Plotting ROC Curve and Precision-Recall Curve:

In [None]:
from sklearn.metrics import roc_curve, precision_recall_curve
sns.set_context('talk')

In [None]:
y_prob = RF_300.predict_proba(X_test_s)

In [None]:
y_test_b=label_binarize(y_test, classes=[1,2,3])

In [None]:
from itertools import cycle
from sklearn.metrics import auc
fpr = dict()
tpr = dict()
roc_auc = dict()

n_class = 3
lw = 2
plt.figure(figsize=(10,8))

for i in range(n_class):
    fpr[i], tpr[i], _ = roc_curve(y_test_b[:, i], y_prob[:, i])
    roc_auc[i] = auc(fpr[i], tpr[i])
    
colors = cycle(['aqua', 'darkorange', 'cornflowerblue'])
for i, color in zip(range(n_class), colors):
    plt.plot(fpr[i], tpr[i], color=color,lw=lw,label='ROC curve of class {0} (area = {1:0.4f})'
             ''.format(i, roc_auc[i]))
    
plt.plot([0, 1], [0, 1], 'k--', lw=lw)
plt.xlim([0.0, 1.0])
plt.ylim([0.0, 1.05])
plt.xlabel('False Positive Rate')
plt.ylabel('True Positive Rate')
plt.title('Fetal Health Classification')
plt.legend(loc='best')
plt.show()

In [None]:
from sklearn.metrics import precision_recall_curve
from sklearn.metrics import average_precision_score

precision = dict()
recall = dict()
average_precision = dict()
lines = []
labels = []
plt.figure(figsize=(10,8))

for i in range(n_class):
    precision[i], recall[i], _ = precision_recall_curve(y_test_b[:, i],y_prob[:, i])
    average_precision[i] = average_precision_score(y_test_b[:, i], y_prob[:, i])

for i, color in zip(range(n_class), colors):
    plt.plot(recall[i], precision[i], color=color, lw=2, label='Precision-recall for class {0} (area = {1:0.4f})'
             ''.format(i, average_precision[i]))

plt.xlim([0.0, 1.0])
plt.ylim([0.0, 1.05])
plt.xlabel('Recall')
plt.ylabel('Precision')
plt.title('Fetal Health Classification')
plt.legend(loc='lower left')
plt.show()

The effect of balancing the classes in our label (oversampling) was evident at avoiding a tendency towards predicting more the class 0 and also allowed us to compare much better the classification in the confusion matrix by having approximately the same proportion of them.
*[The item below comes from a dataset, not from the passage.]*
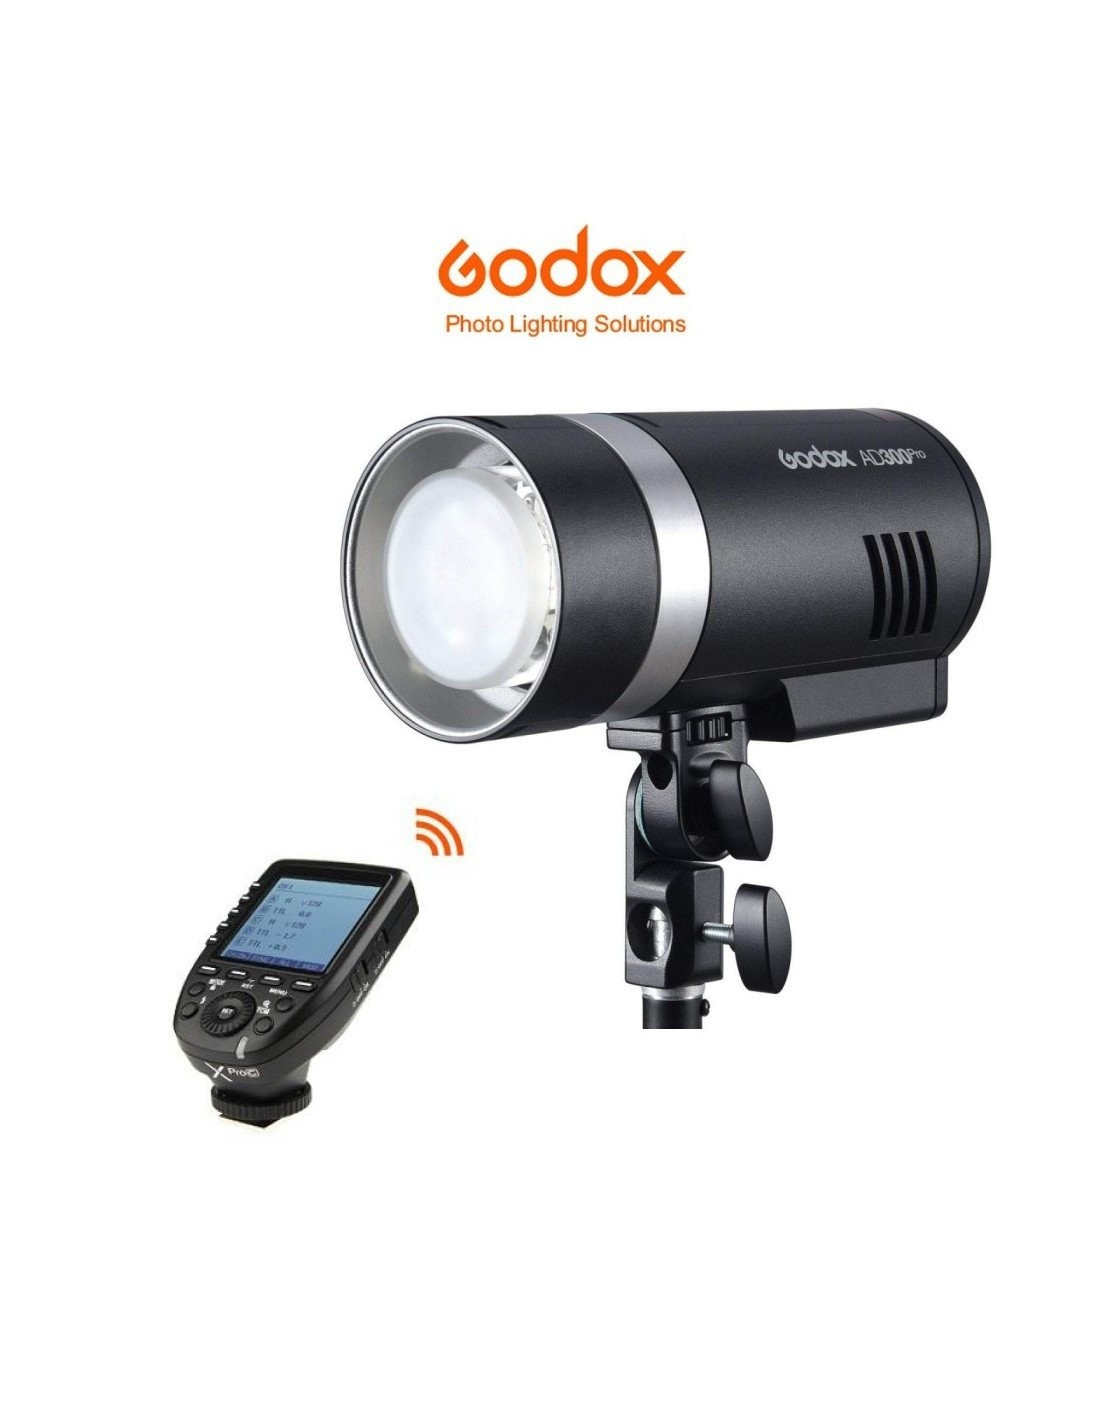 Kit Godox ad300pro y transmisor XPro, el mejor equipo foto exteriores

Another highlight is that as it corresponds to a tree-based model we could have simply used features without encoding nor scaling which makes the building of this much easier and fast, whereas polynomial transformation had a significant and worthy effect and as we will see in the plot of the feature importances below the two biggest predictors were created in this process, this is a clear evidence which supports the use of polynomials in the training of models.

In [None]:
feat=pd.DataFrame(RF_300.feature_importances_,index=X_res.columns, columns=['Importance']).sort_values(by='Importance',ascending=False).head(15)
ax=feat.plot(kind='bar', figsize=(16,6))
ax.set(ylabel='Feature Importance')
ax.set(xlabel='Features')

Finally, although the label was finally balanced it is always recommended that our original dataset have a vast amount of records for each class implying a good representation of the population making our prediction more accurate and “reliable”, if we look at the original dataset and count the number of records of the less frequent class which surprisingly corresponds to ‘pathological’ is only 176!, clearly could be better and more representative to have at least 1000 of them, making us balance the label by undersampling which results better than extrapolate records from existing ones.